“Worldwide Brecht – Beiträge aus Beijing, China”

Siting Yang: „V.A.B.E.L (Vom Armen BB Et aL)“

Liu Chengzhen: „Fuck Brecht“

Yi Dian: „b. solo b.“

Lai Haifeng: “Something about workers”

Zhao Yingru: „Orges Blick“

Filmpremiere in englischer und chinesischer Sprache mit deutschen Untertiteln

Kuratiert von Kai Tuchmann

Film und Diskurs

Live

>>  Festivalzentrale im Staatlichen Textil- und Industriemuseum (tim)
>> Freitag, 25.2.2022, 19.00 Uhr,  Tickets

 

Digitalprogramm

>>  Freitag, 25.2.2022, 19.00 Uhr im Livestream
>> im Anschluss in der Mediathek verfügbar
>> Tickets
Angehende Theatermacher*innen aus China setzen ihre Lebensrealität in Bezug zu Texten von Bertolt Brecht. Sie entdecken biographische Resonanzräume, zum Beispiel im Gedicht „Vom armen B.B.“. Sie reiben sich an diesem westlichen Autor, der nur Debatten und Verwirrung stiftet. Sie erzählen von der Freundschaft zwischen Bertolt Brecht und Bai Juyi, einem chinesischen Dichter der Brecht in den 1940er Jahren im Exil begegnet und werfen ein Schlaglicht auf die aktuelle Situation der Arbeiterinnen und Arbeiter, über die Brecht immer wieder geschrieben hat.

„V.A.B.E.L – Vom Armen Bb Et aL“

Ein Kurzfilm von Jiayi Cheng, Diankun Feng, Jiayi Ou, Tianyi Wang, Siting Yang, Haohan Zhao
Es war ein strenger Winter für Bertolt Brecht in Berlin, 1922, als er als aufstrebender junger Mann gerade aus „den schwarzen Wäldern“, seiner Heimatstadt Augsburg, weggezogen war.
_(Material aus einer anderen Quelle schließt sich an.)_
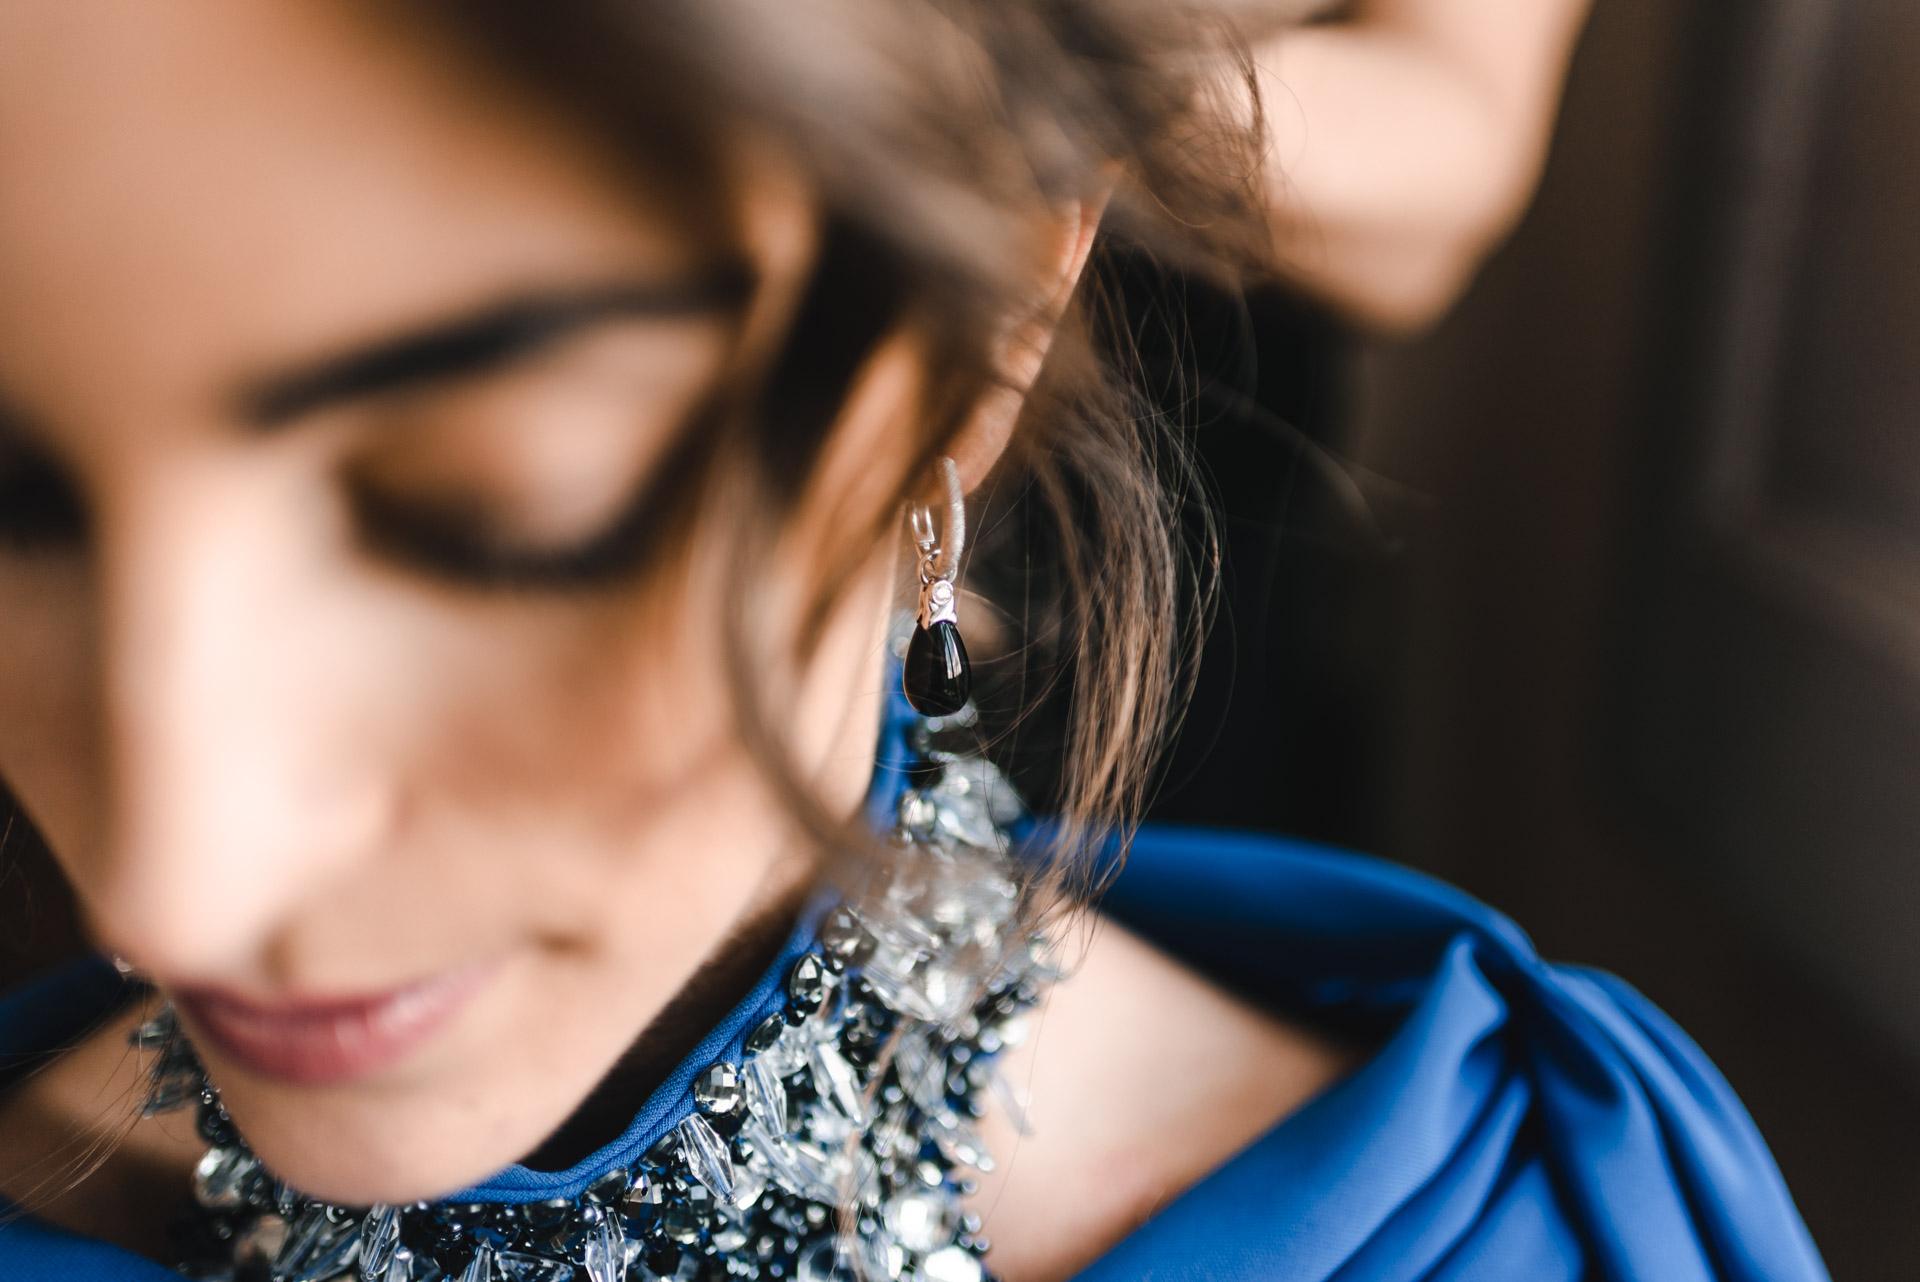 Producción @weddingideas.es Enclave @Fincaelgasco Fotografía @crazyloveshots Peluquería @anadiezrivera Joyas @germanjoyero

In einem von Brechts frühen Stadtgedichten, Vom Armen B. B. (1926-27), zeigt das nachrevolutionäre Berlin sein gnadenloses, alltägliches und herausforderndes Gesicht.
Für Brechts heutige chinesische Freunde in Shanghai, 2022, ist es ein harter Winter. Drei Wanderarbeiter, die sich treiben lassen und sich abmühen, um nicht unterzugehen. Ihre Schilderungen stehen stellvertretend für die Erfahrung von Millionen von unterversorgten Wanderarbeitern in China. Was führt dazu, dass ihr Leben und ihre Sehnsüchte in Shanghai kollidieren? Was haben sie über die konstruktiven und destruktiven Auswirkungen Shanghais auf ihre Arbeit, ihr Leben oder sogar ihre Existenz zu sagen?
VABEL – Vom Armen Bb Et aL versucht, die Erfahrung der Verortung unter den Wanderarbeitern mit kreativen formalen Mitteln zu verkörpern und präsentiert die Geschichte der Protagonisten als Brechtsche Fabel, die in engem Bezug zu ihren sozialen Interaktionen und Verlusten gestaltet ist. In VABEL -Vom Armen Bb Et aL komponieren die humorvollen Dialoge der Protagonisten in verschiedenen Dialekten, gepaart mit Puppenspiel, Collage und mehr, das Stadtgedicht von Shanghai, China, 2022.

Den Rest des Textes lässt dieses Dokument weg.